Mais uma golada na cerveja. “Isto até faz algum sentido”, penso enquanto bebo mais um pouco de cerveja, por puro desfastio. Adoro desenfastiar-me com coisas destas.

 

Na piscina iniciou-se uma pequena discussão em família. O pai do menino continua a beber o gim como se não fosse nada com ele. O cão deixou de ladrar. Deitado na relva, observa a cena com as orelhas em riste.

 

Eu, à falta de piscina, mergulho de novo na entrevista: “Não quero ser catastrofista, mas temos de começar a encarar as soluções passo a passo. Temos milhares de empresas em coma. Muitas empresas, se quiserem sobreviver, vão ter de funcionar durante muito tempo dando prejuízo.”

 

Reparo que na piscina apenas resta o cão acorrentado ao guarda-sol. Olho então lá para longe, lá para bem longe e pisco os olhos. Sinto que vou adormecer. Pronto, adormeci.

 

PS – A CoLABOR tem como objetivos: Mobilizar e expandir conhecimentos, capacitar a administração pública e qualificar o emprego.
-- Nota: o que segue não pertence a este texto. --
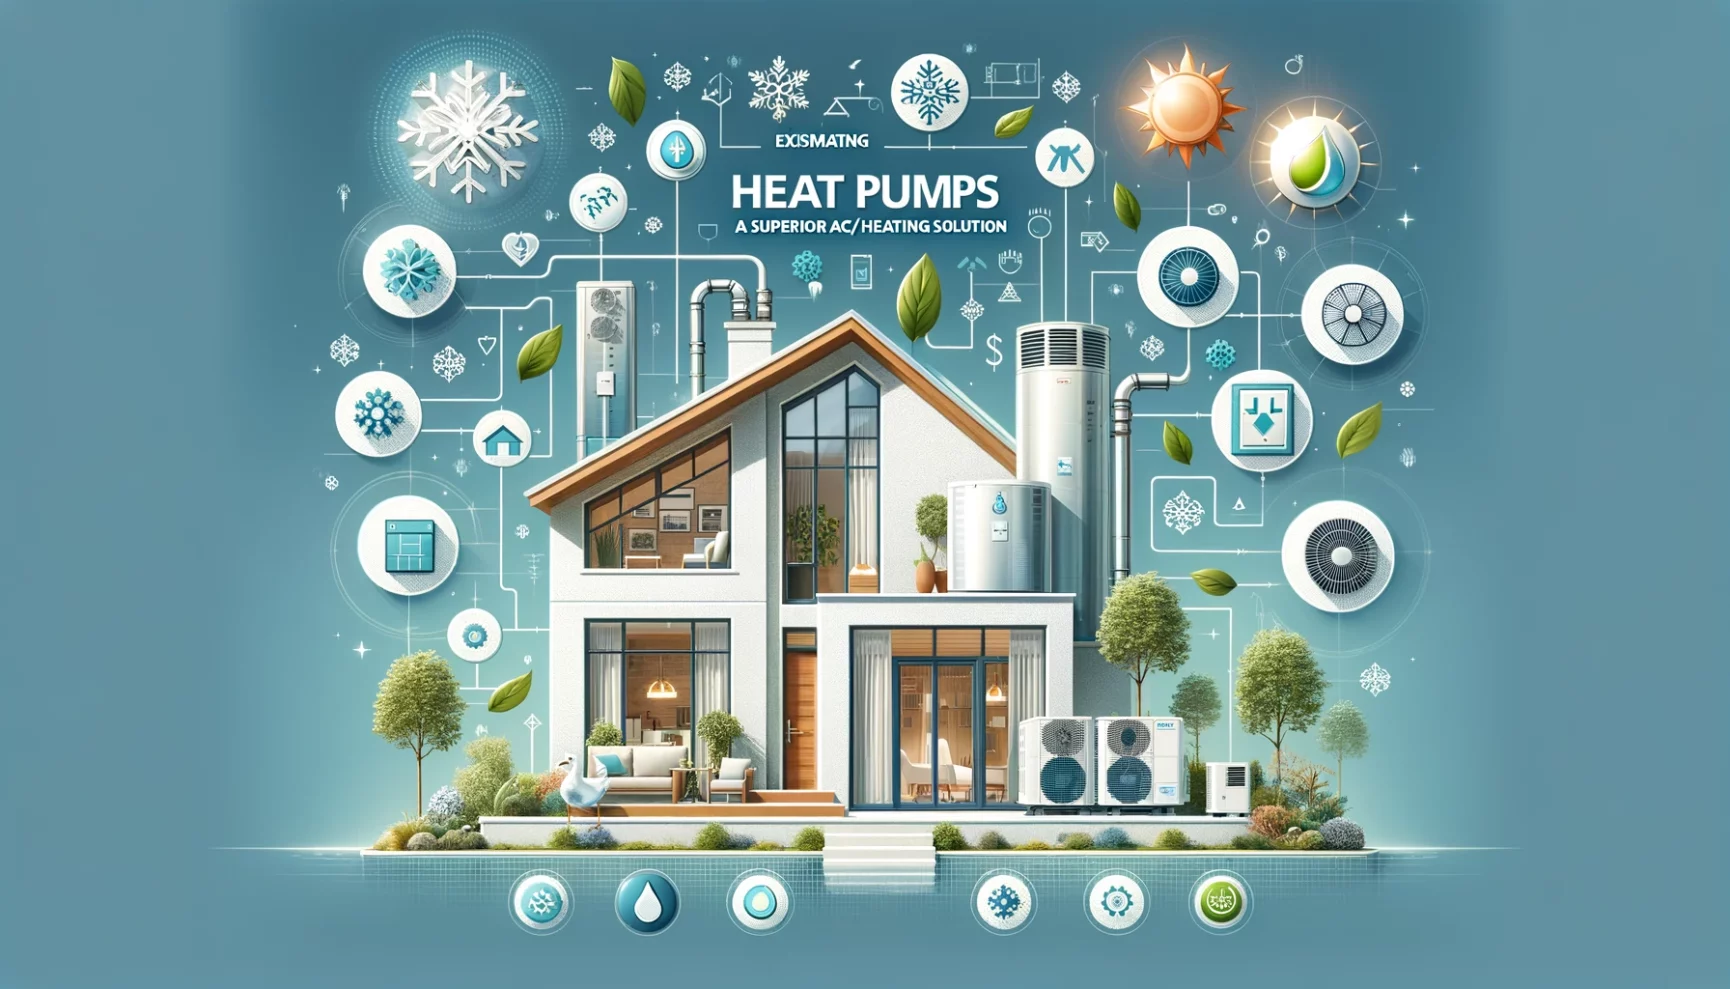 An illustration of a house with heat pumps for heating.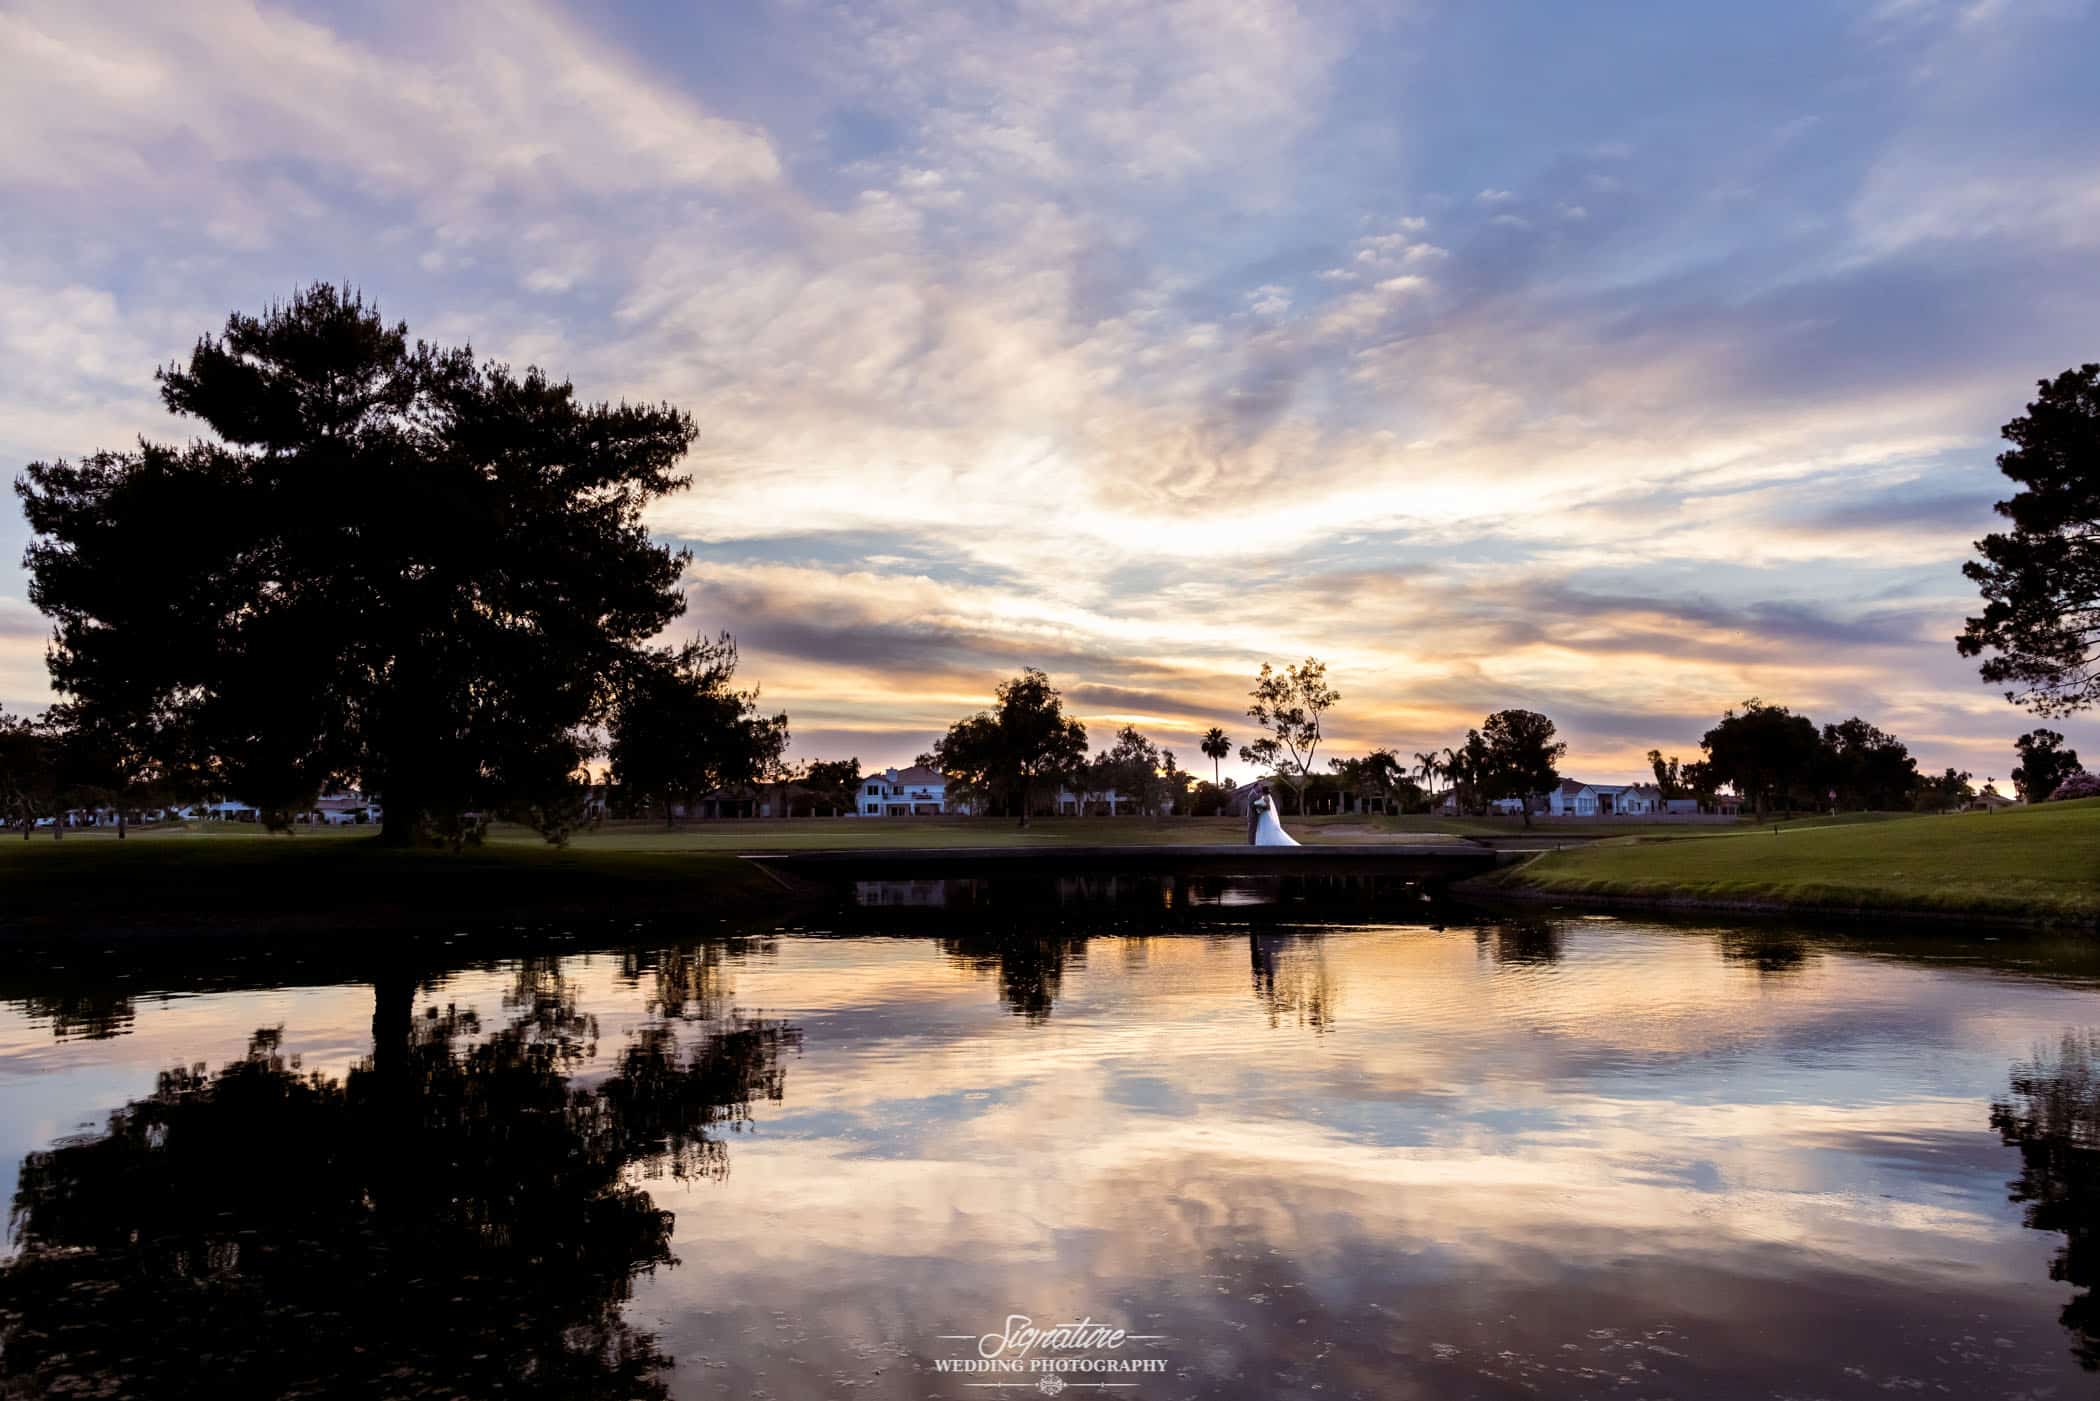 Bride and groom kissing in behind pond at sunset

Órgãos sociais – Direção: Manuel Carvalho da Silva (Diretor – CES), José Côrte Real (Subdiretor – SONAE), Henrique Rodrigues (Vogal – CNIS), Pedro Adão e Silva (Vogal – ISCTE-IUL), André Marçalo (Vogal – IDEFF); Mesa Assembleia Geral: Rui Pedroso (Presidente – MOTA-ENGIL), Eduardo Paz Ferreira (Secretário – IDEFF), Isabel Raminhas (Secretário – Delta); Conselho Fiscal: Carlos Augusto Clamote (Presidente – Santa Casa da Misericórdia de Lisboa), Rui Pedroto (Vogal – MOTA-ENGIL), Sílvia Nabeiro (Vogal – Delta Cafés).